Module 3: Microscopy and Animal Phenotyping

The Microscopy and Animal Phenotyping (MAP) Module provides equipment, infrastructural support, expertise and technical assistance to vision scientists to enable detailed, quantitative imaging of cells and tissues, as well as equipment and support for structural and functional assessment of the visual system in vivo. This advanced imaging facility includes several pieces of high-end hardware for image and data collection, dedicated analysis workstations, and the expertise needed to support and enhance ongoing research and explore new research questions posed by vision scientists.

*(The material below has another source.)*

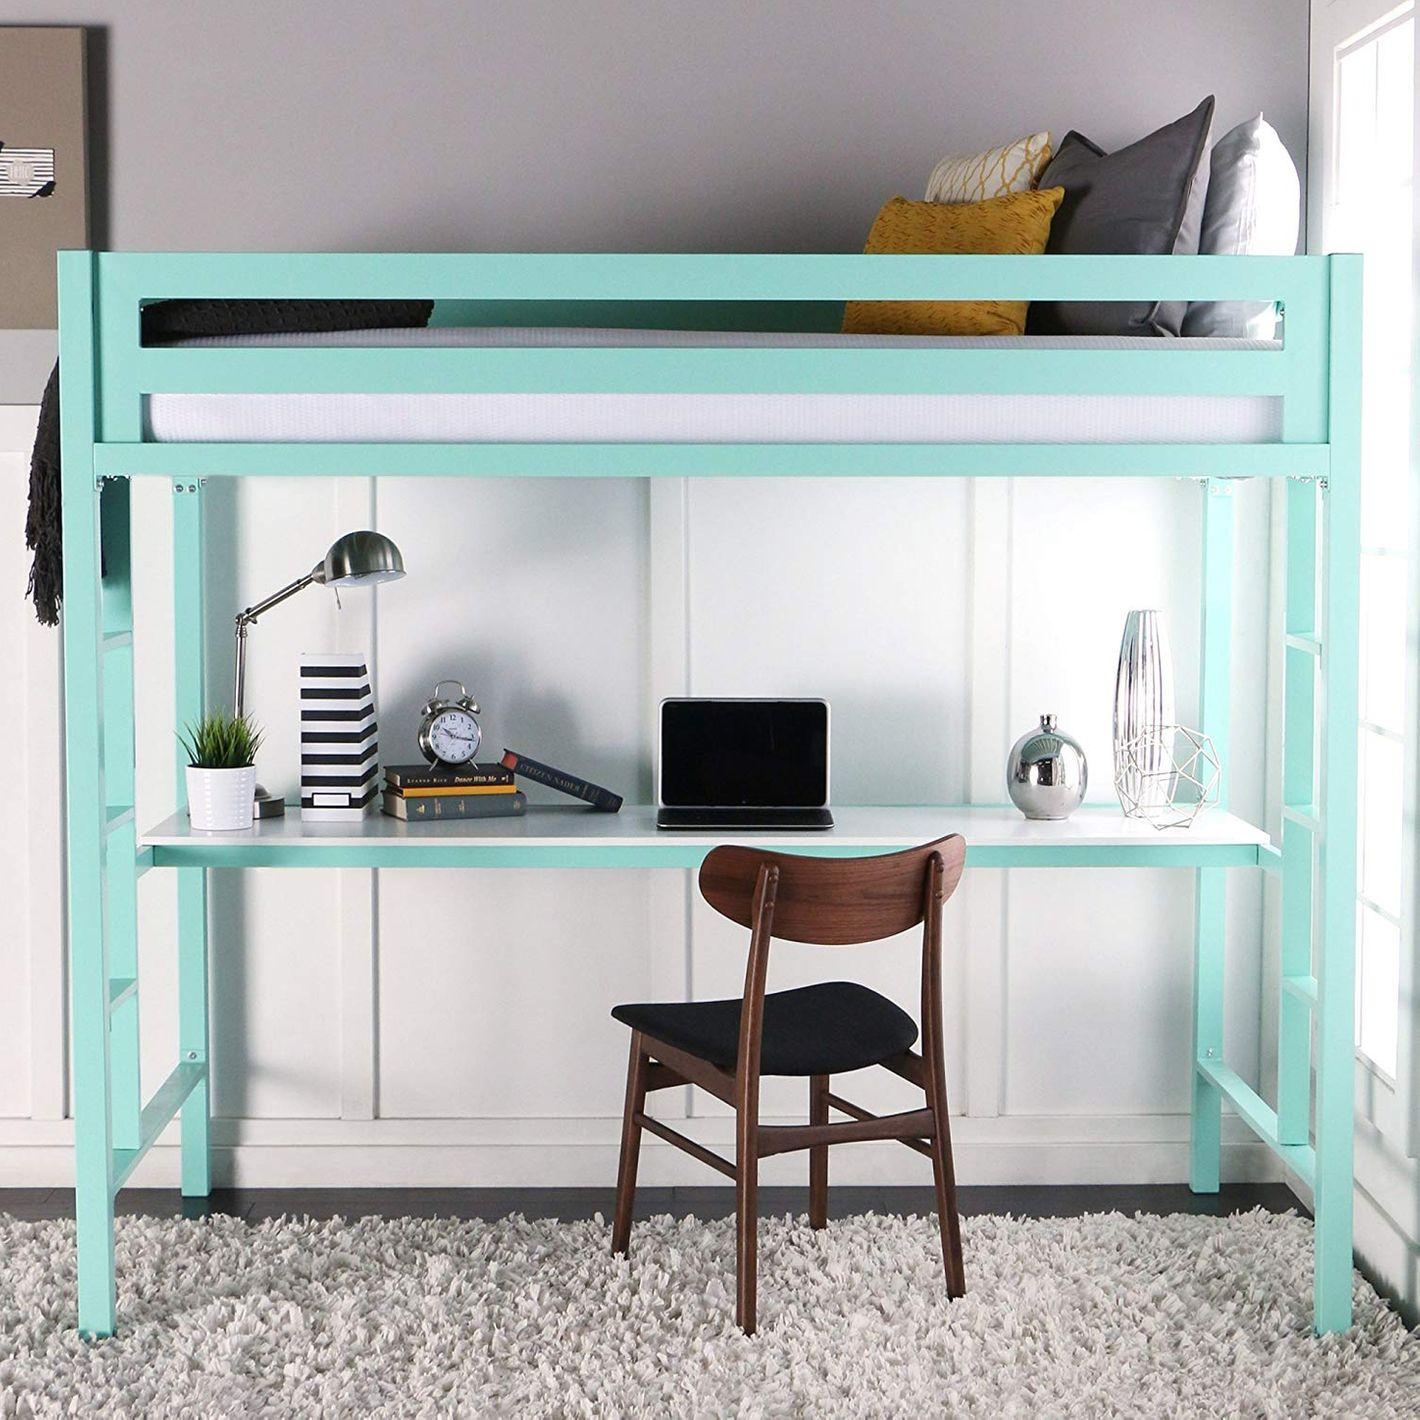 WE Furniture Premium Twin Metal Loft Bed With Workstation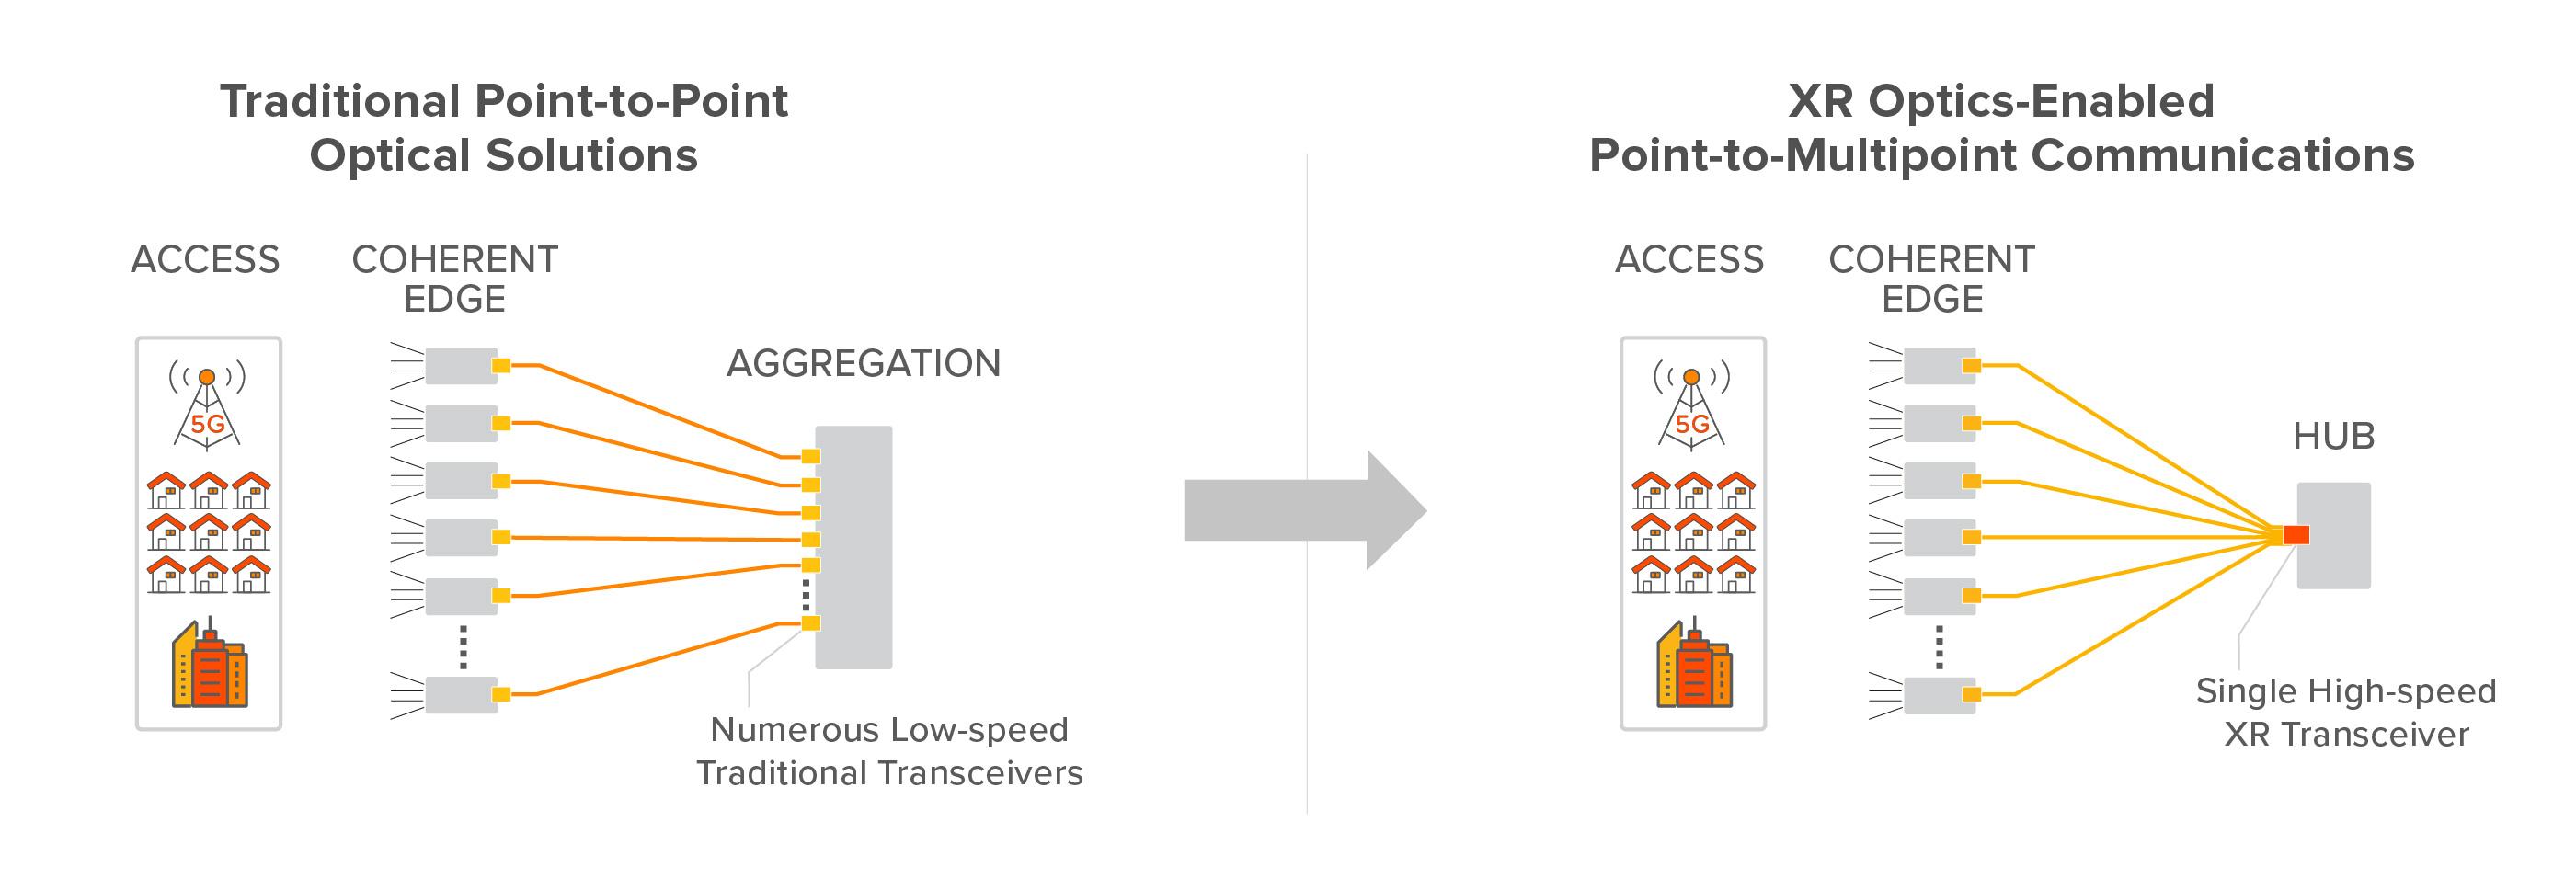 point ot point optical network

MAP Module operations include:
1) Maintaining and servicing the equipment.
2) Managing usage of the equipment.
3) Educating investigators on the capabilities of the equipment.
4) Advising investigators on the design of imaging experiments for vision research projects.
5) Providing training on the proper usage of the equipment
6) Helping researchers collect, process and analyze high quality microscopy and visual function data for both current and future applications

The specific services and technologies provided within the MAP Module are:

• Cell and tissue processing, labeling and immunocytochemistry
• Light and fluorescent microscopy
• Laser scanning confocal microscopy
• Multiphoton microscopy and time-lapse imaging
• Slit lamp imaging and in vivo confocal microscopy
• Optical coherence tomography (OCT), angiography, autofluorescence imaging (BAF), infrared imaging (IR), and fundus imaging
• Electroretinography (ERG/PERG/VEP)
• Behavioral testing (optokinetic response, looming object, and pupillometry)
• Quantitative image and data analysis

The MAP Module supports a range of imaging technologies for participating investigators and facilitates easy access to equipment, training, and technical support that will expand experimental capabilities, open up new research directions, and result in more cost-effective, time-efficient, and rigorous imaging studies. An additional goal is to facilitate collaborative studies using these advanced imaging techniques among vision scientists at UTSW and with other outside institutions.

Facilities and Resources

The MAP Module laboratories are in the Department of Ophthalmology on the 7th floor of the Florence (E) Building. The Facility is housed in nine dedicated rooms with a total of 1,561 square feet of space, plus a portion of the Director’s laboratory that provides an additional 150 square feet. Desk space for the technical support staff is in an adjacent room (E7.228). The labs contain resources for sample preparation, animal anesthesia and recovery, as well as several pieces of high-end imaging hardware. All animal imaging and phenotyping space is approved by the Institutional Animal Care and Use Committee (IACUC) at UT Southwestern, which is AALAC accredited.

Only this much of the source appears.